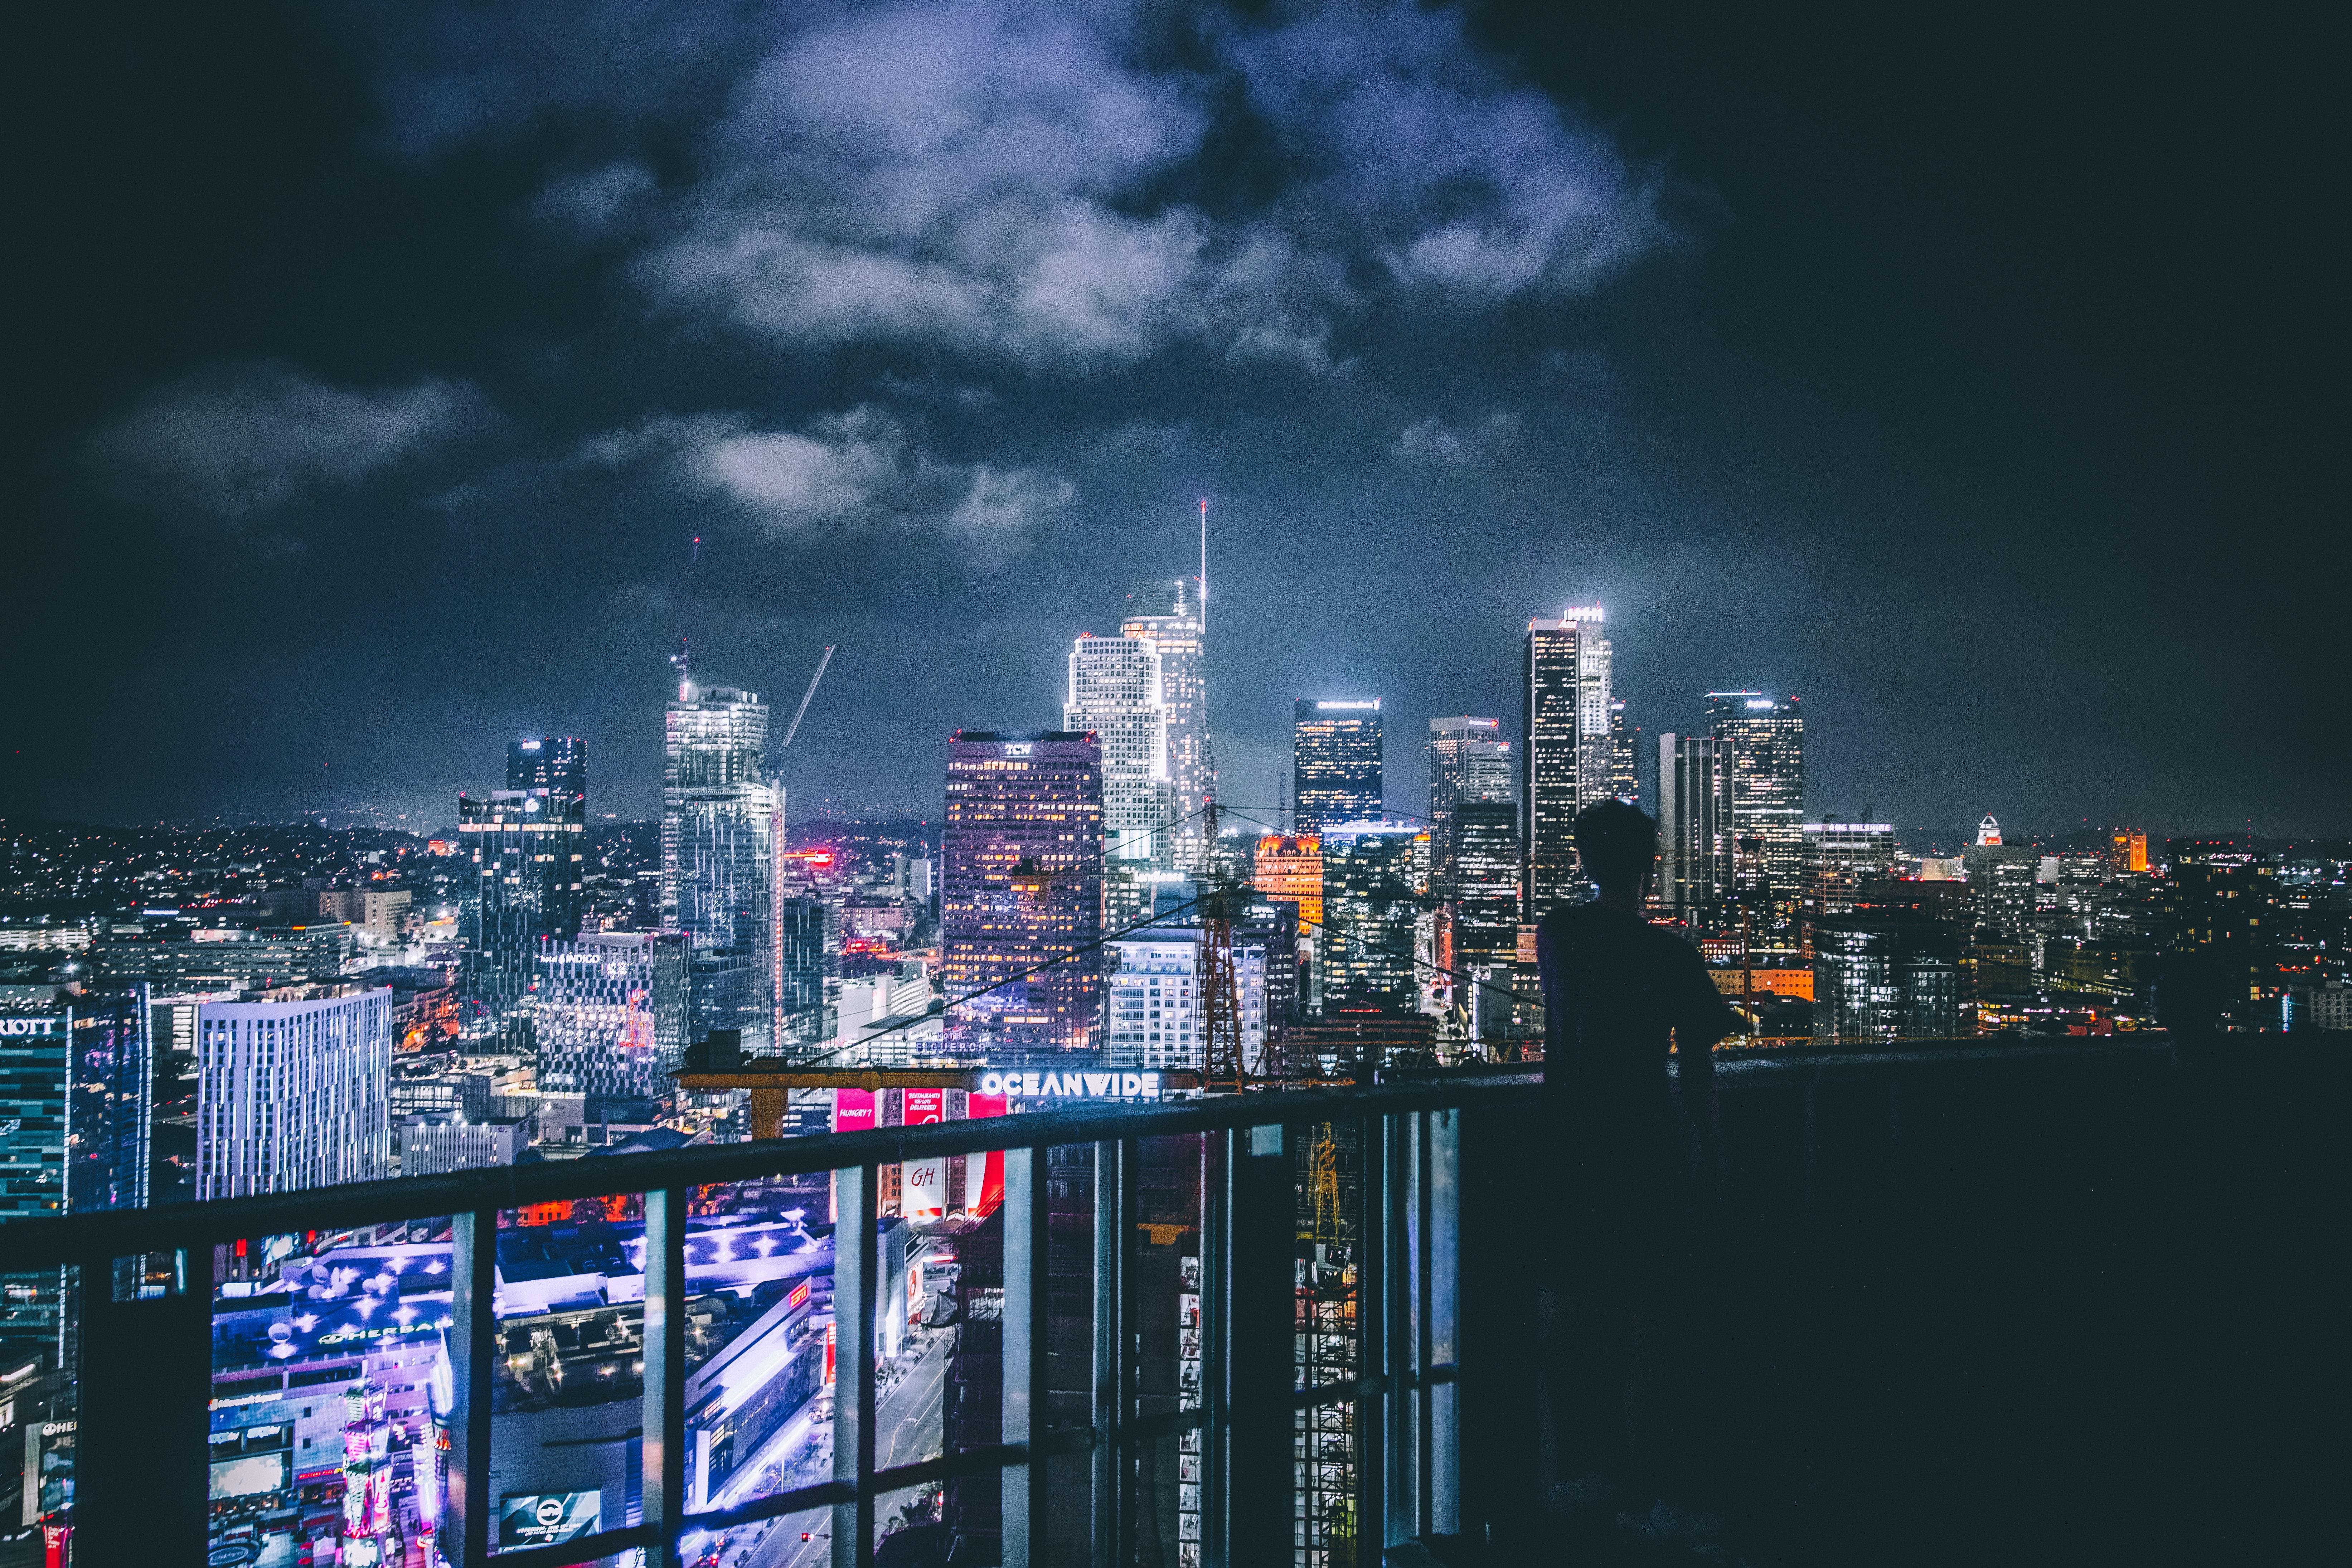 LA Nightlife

...

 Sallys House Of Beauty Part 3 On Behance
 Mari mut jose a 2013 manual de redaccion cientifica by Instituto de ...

...

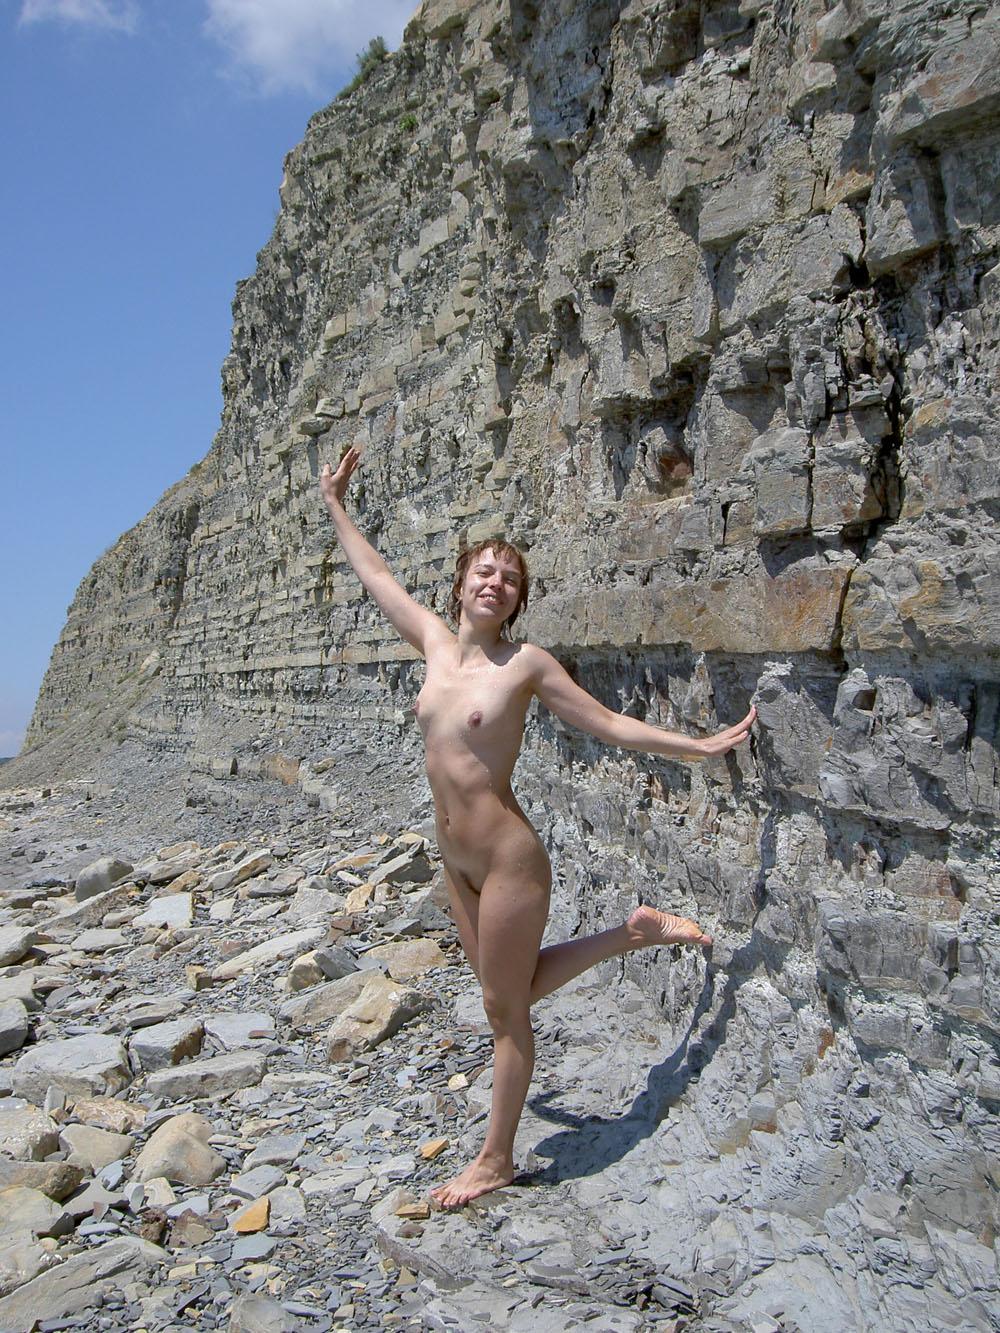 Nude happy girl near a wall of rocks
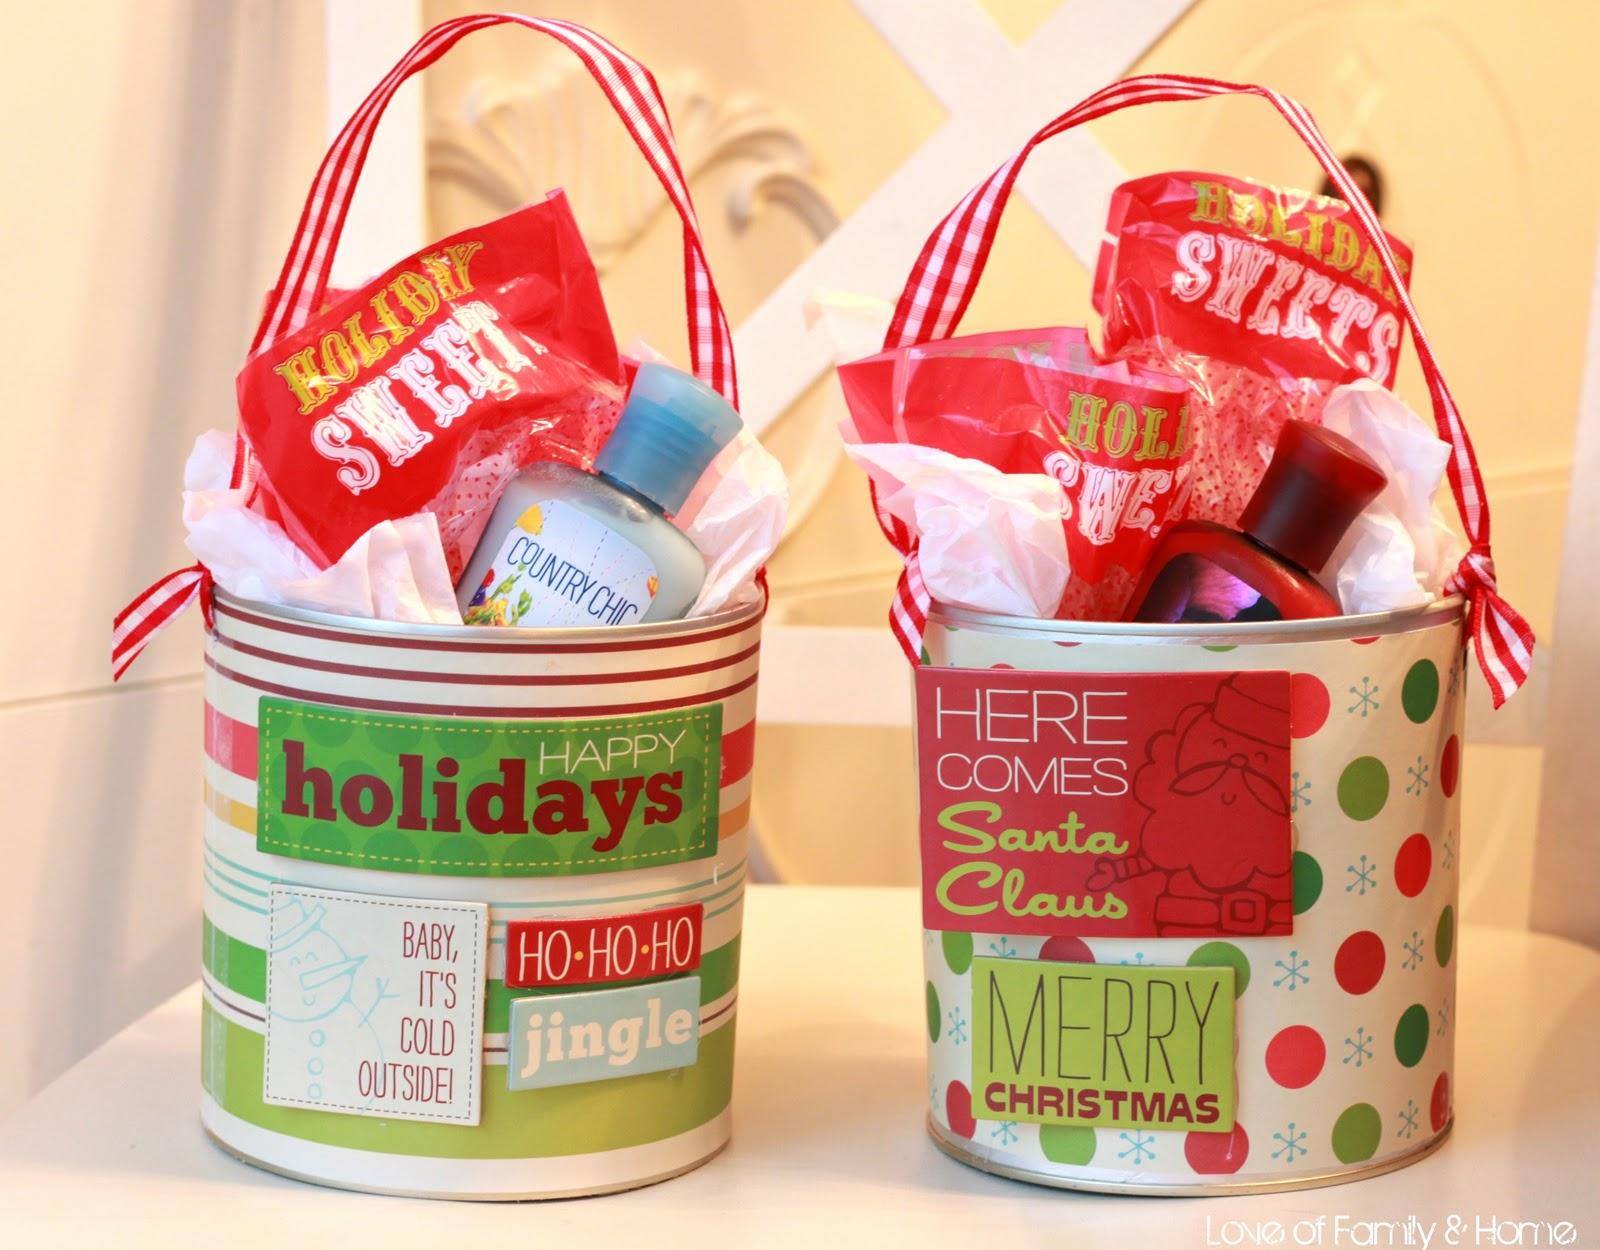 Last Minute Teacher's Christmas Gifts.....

_Goal of the exercise_: Set the pictures aside and transcribe exactly the stretch of lines above, beginning with the one holding "Nude happy girl near a wall of rocks" and ending with the one holding "Last Minute Teacher's Christmas Gifts.....".

_Response area_:
 Nude happy girl near a wall of rocks
 Last Minute Teacher's Christmas Gifts.....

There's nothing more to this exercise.